Easy — everyone uses thisGeneral Dev

ELI5 — The Vibe Check

An off-by-one error is when you're exactly one too many or one too few — the most common bug in programming. Is it < or <=? Does the array start at 0 or 1? Should the loop run 10 times or 11? There are two hard problems in computer science: cache invalidation, naming things, and off-by-one errors.

Real Talk

An off-by-one error (OBOE) occurs when a loop iterates one time too many or too few, or when an index is one position off. Common causes: confusing inclusive vs exclusive bounds, zero-based vs one-based indexing, and fence-post errors (n items have n-1 gaps). It's the most frequent bug category in software and the punchline of a famous computer science joke.

Show Me The Code

// Off-by-one: fence post problem
// Building a fence 100m long with posts every 10m
// Wrong: 100/10 = 10 posts
// Right: 100/10 + 1 = 11 posts (need one at each end)

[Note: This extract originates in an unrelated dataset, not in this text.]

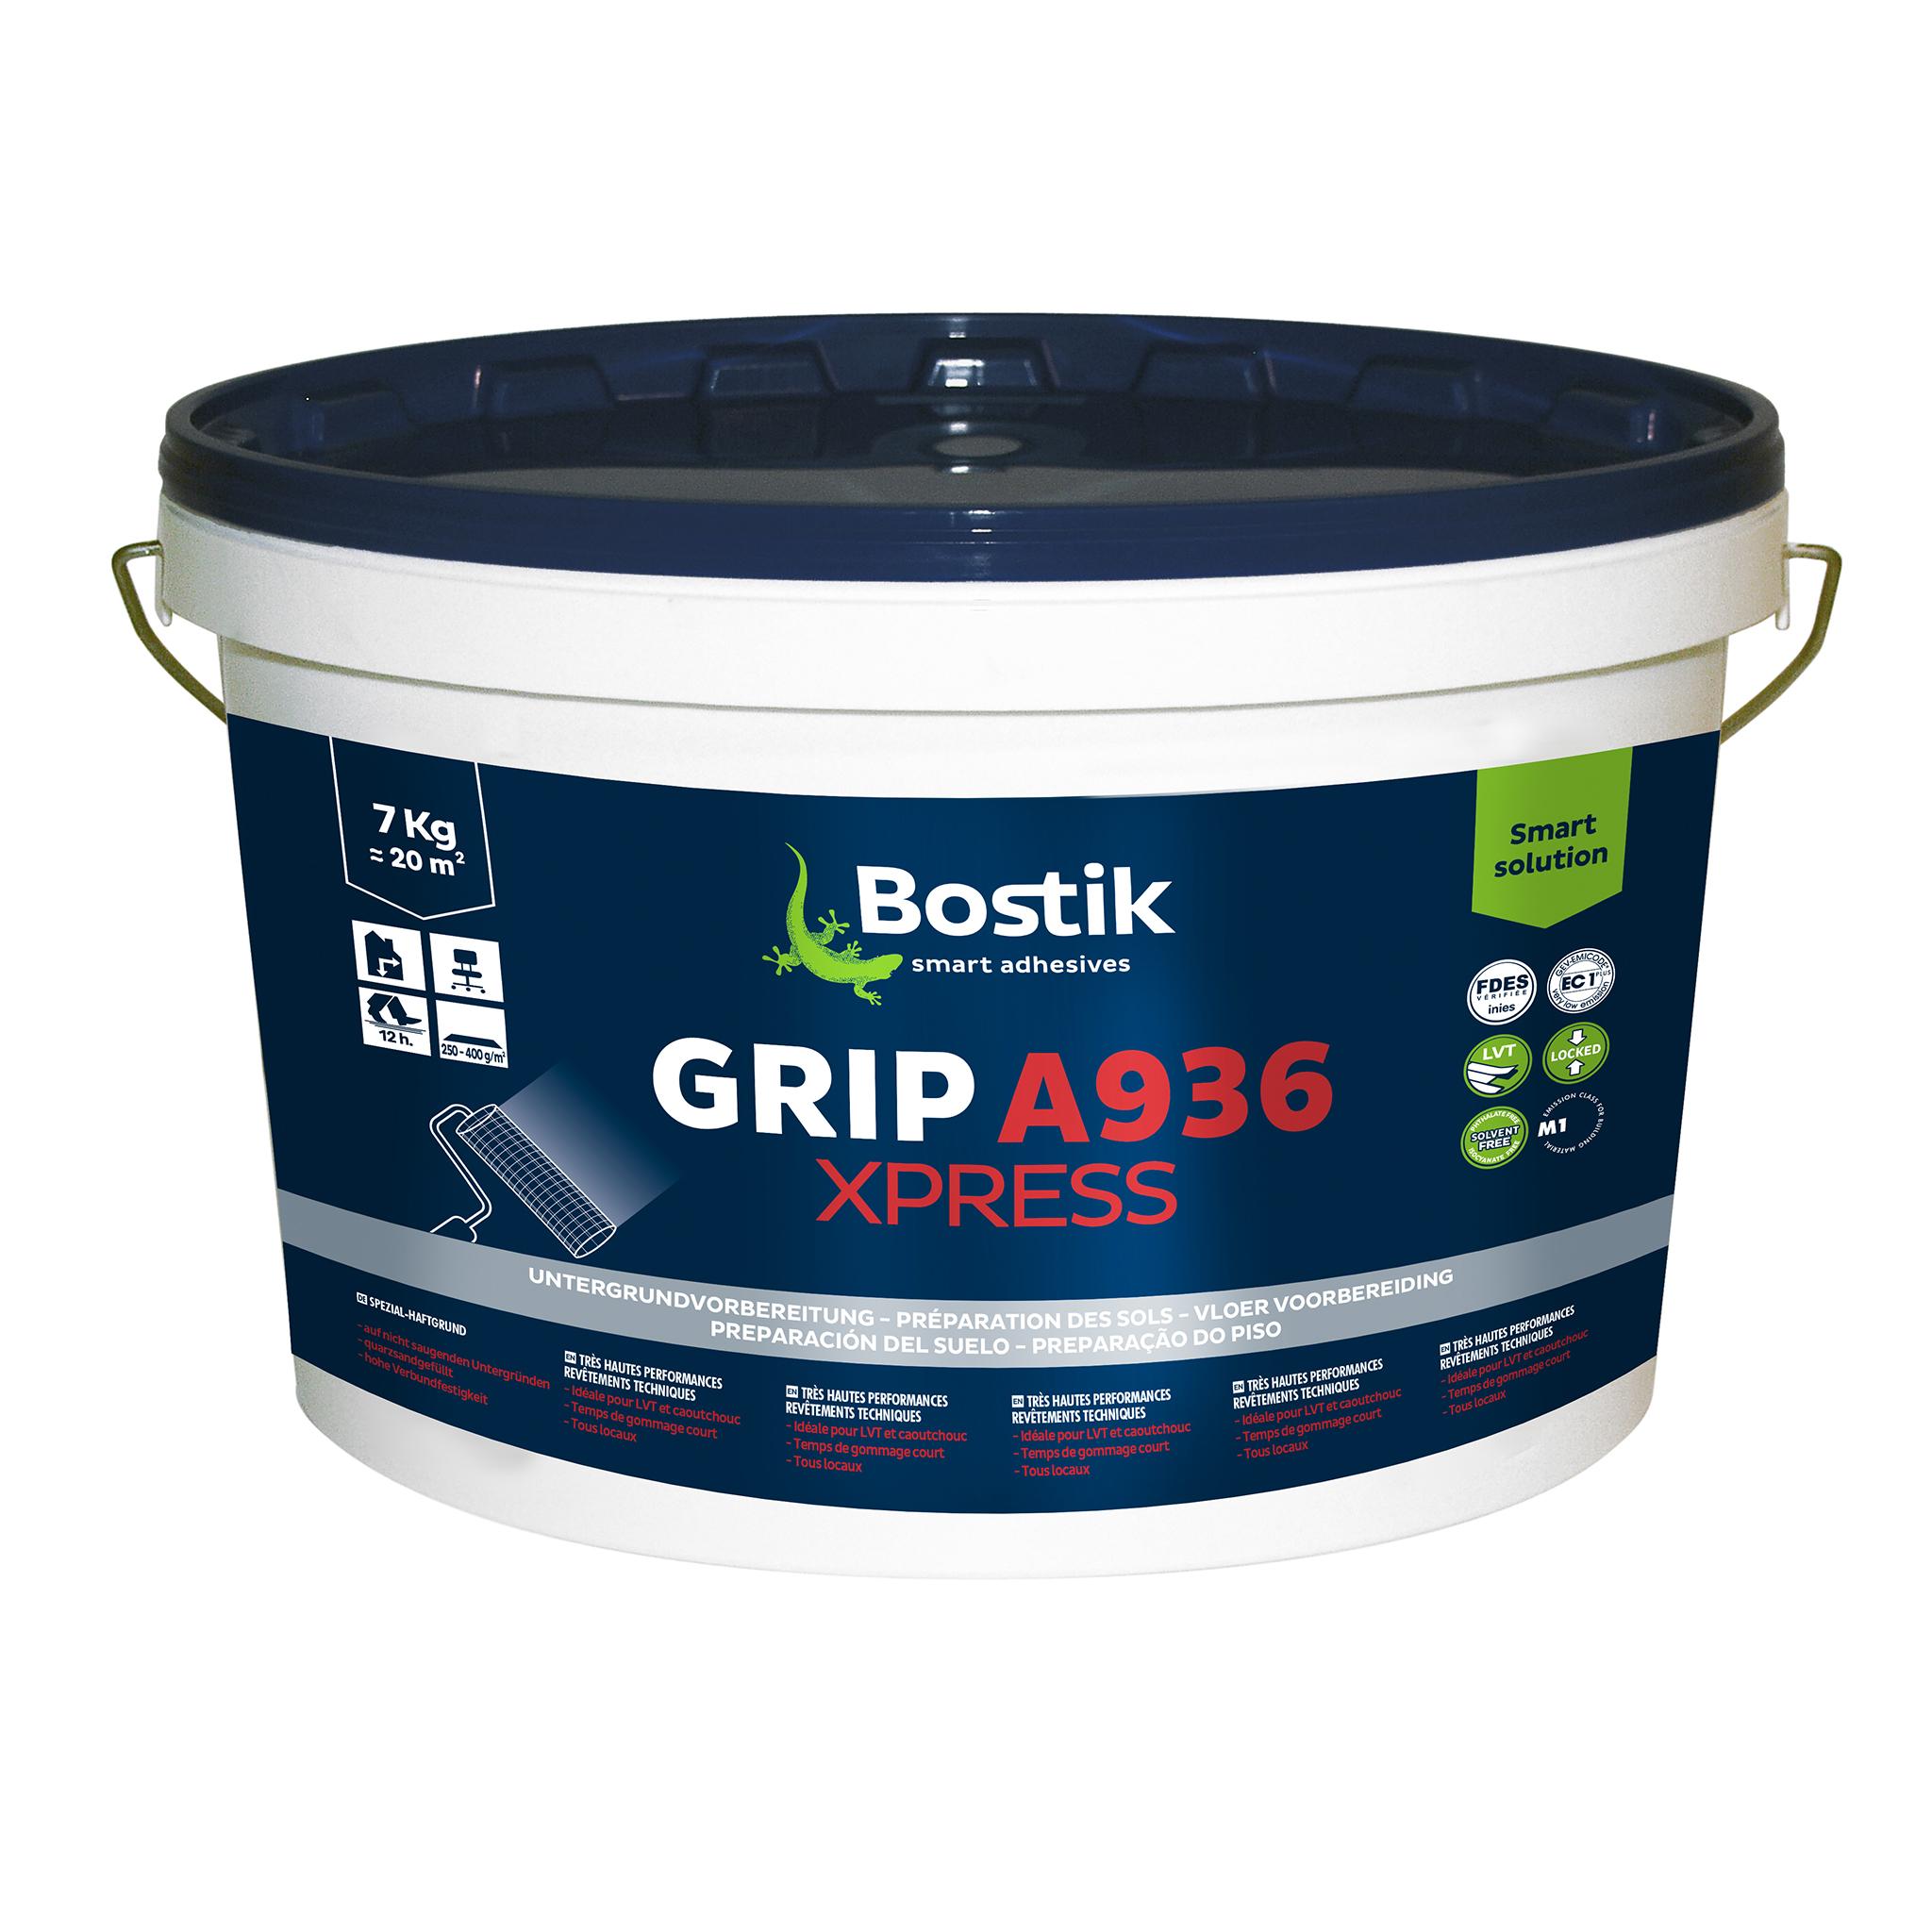 Bostik GRIP A936 XPRESS 7 Kg

// Off-by-one: array access
const arr = [1, 2, 3, 4, 5]
for (let i = 0; i <= arr.length; i++) {  // Bug: <= should be <
  console.log(arr[i])  // arr[5] is undefined!
}

When You'll Hear This

"Classic off-by-one — the loop should be < not <=." / "The two hardest problems in CS: cache invalidation, naming things, and off-by-one errors."